The veto is unlikely to last long. The Republican-heavy legislature returns to Frankfort on Thursday, where lawmakers will have two days to override the governor’s vetoes.

The measure was passed by a large margin less than an hour before the midnight deadline for the GOP-supermajority legislature to pass bills and retain its ability to override gubernatorial vetoes. The bill passed after the Senate version that prohibited the use of Medicaid was accepted by the House.

GOP lawmakers voted to remove restrictions that Beshear placed on the practice last year.

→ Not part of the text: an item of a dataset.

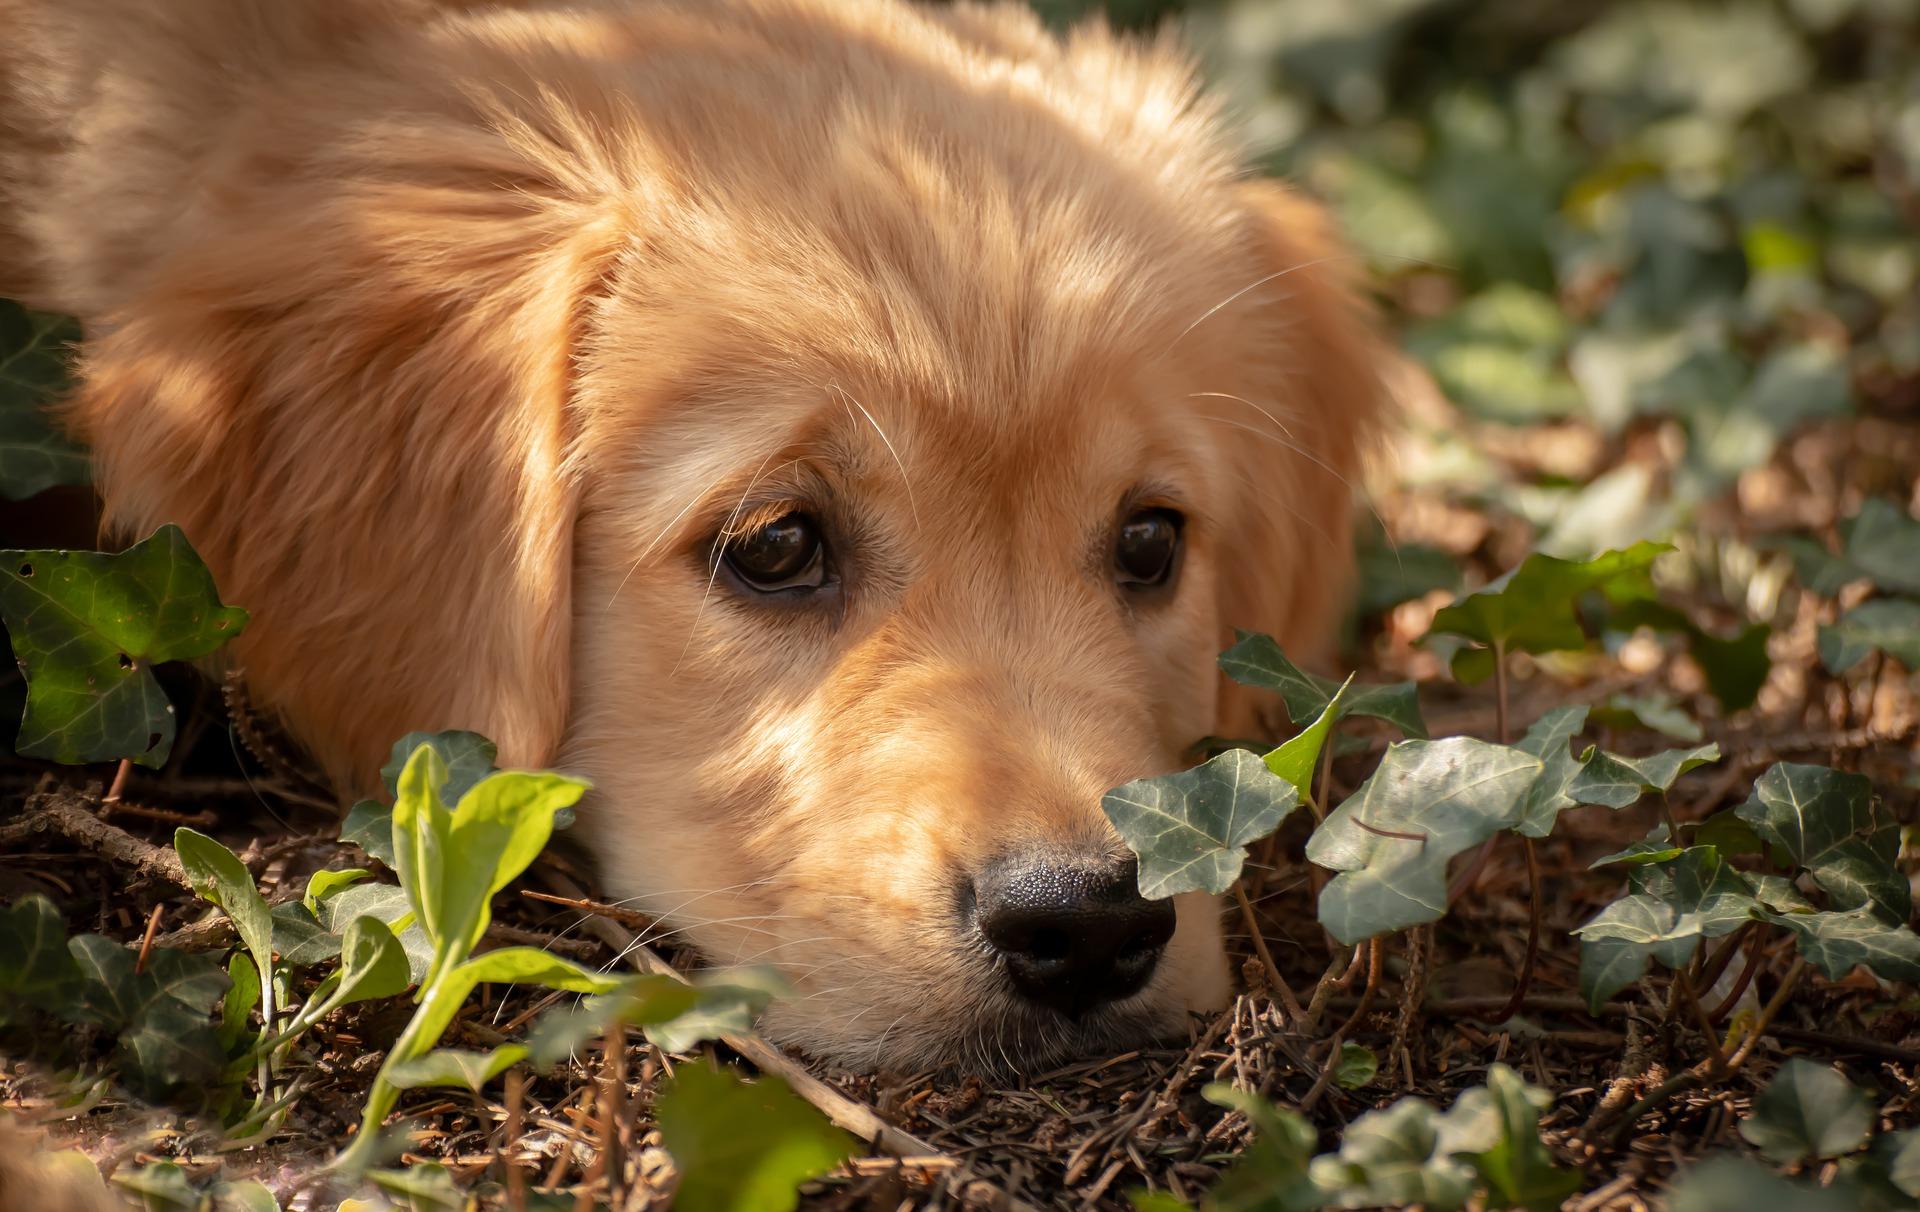 perro olfateando

He banned spending tax dollars from paying for the practice on minors, saying his executive order was needed to protect children. The order directed licensing boards to consider adopting strong policies disciplining someone found to have practiced conversion therapy on minors.

“Conversion therapy is torture, and that’s why I signed an executive order banning it in Kentucky,” Beshear said on social media. “Legislators seek to overturn those protections with HB 495, which I vetoed at the Fairness Dinner. I’m going to keep fighting for what’s right — and that’s loving thy neighbor.”

Rep. David Hale, R-Wellington, introduced HB 495 and it was amended during a committee meeting earlier this month to ban Kentucky Medicaid program funds from paying for hormones or surgery for transgender adults.

Hale said families should have access to the mental health care of their choice, and said his bill would protect mental health care professionals, institutions and ordained ministries from discrimination when providing counseling services.

David Walls, executive director of The Family Foundation, a socially conservative group, called it a needed pushback against Beshear’s executive action, which Walls said was an attack on free speech and religious freedom.